[Collected data — start]

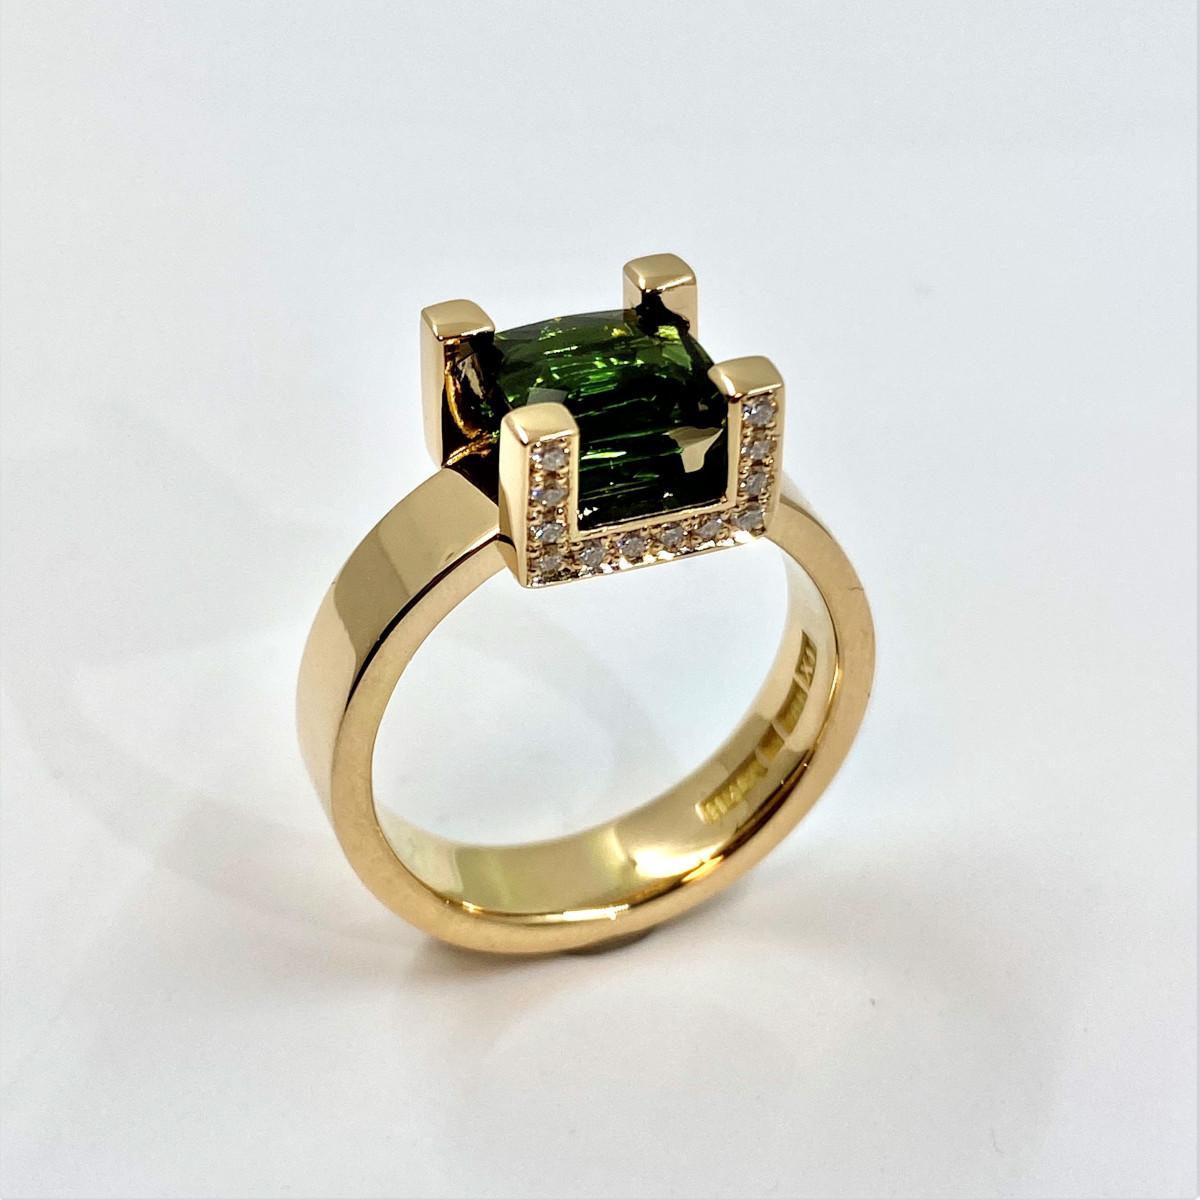 Grön sten, grön turmalin, stenring, diamantring
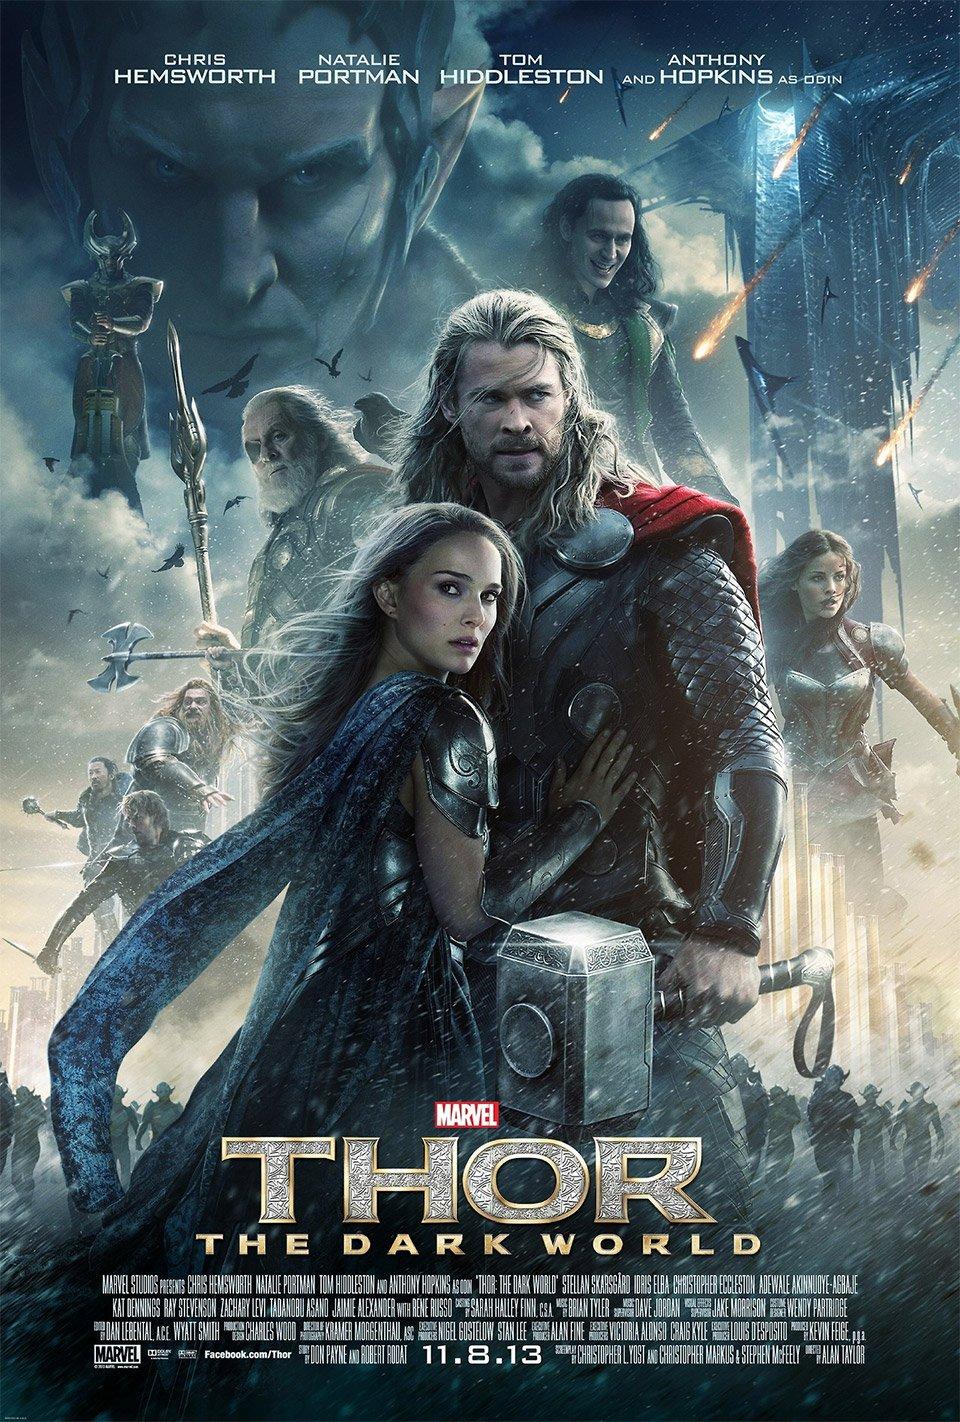 Thor: The Dark World Movie Posters
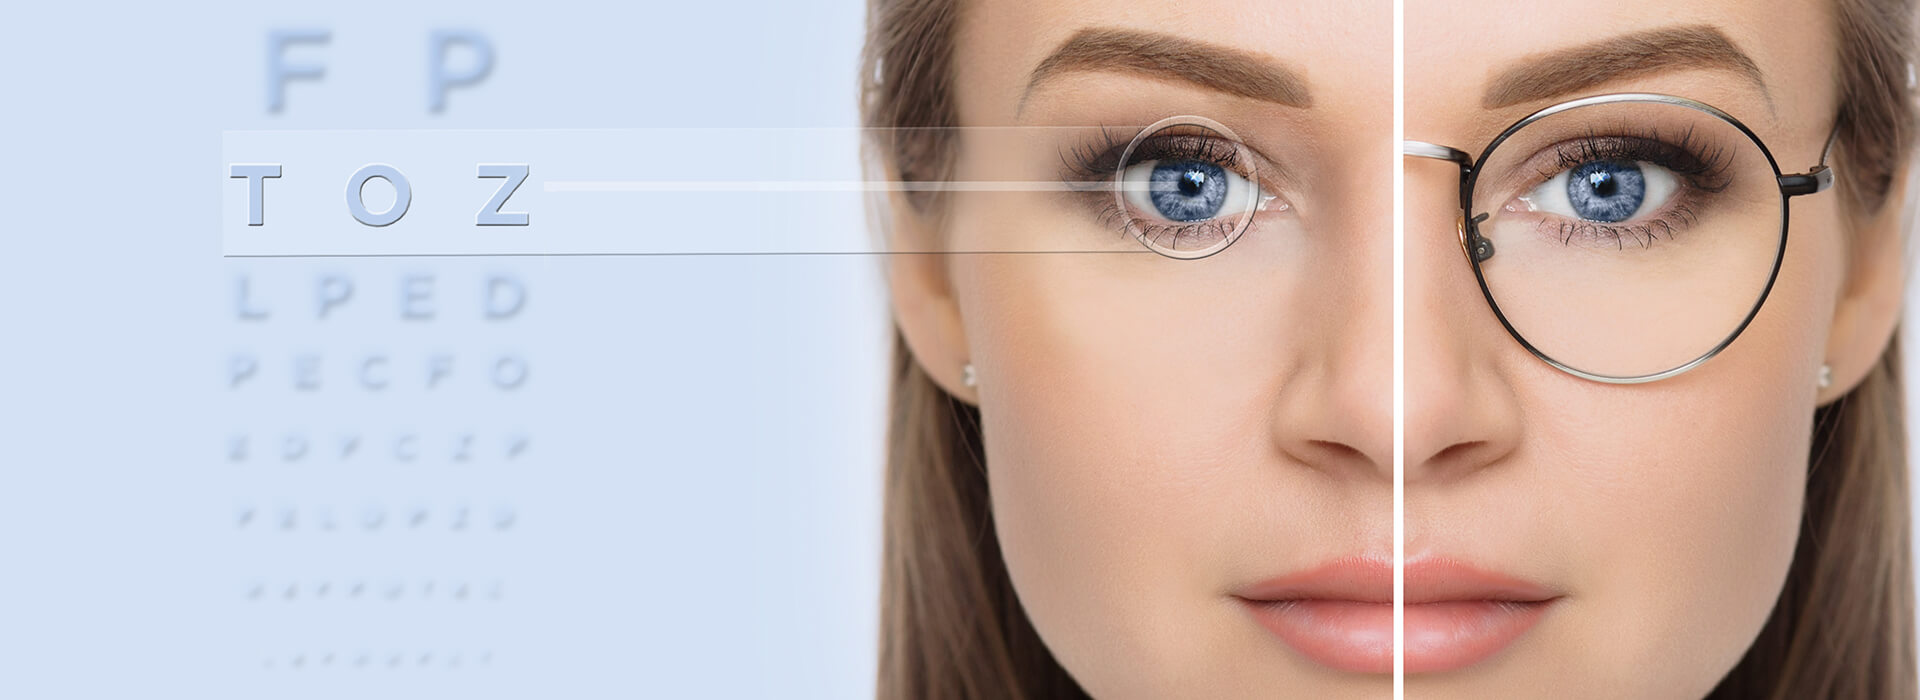 Centro de cirurgia a laser de miopia catarata astigmatismo cirurgia refrativa e cirurgia plastica dos olhos.jpg.jpeg

[Collected data — finish]

Activity: For this exercise, write the listing out again exactly, excluding all images.

The answer:
 Grön sten, grön turmalin, stenring, diamantring
 Thor: The Dark World Movie Posters
 Centro de cirurgia a laser de miopia catarata astigmatismo cirurgia refrativa e cirurgia plastica dos olhos.jpg.jpeg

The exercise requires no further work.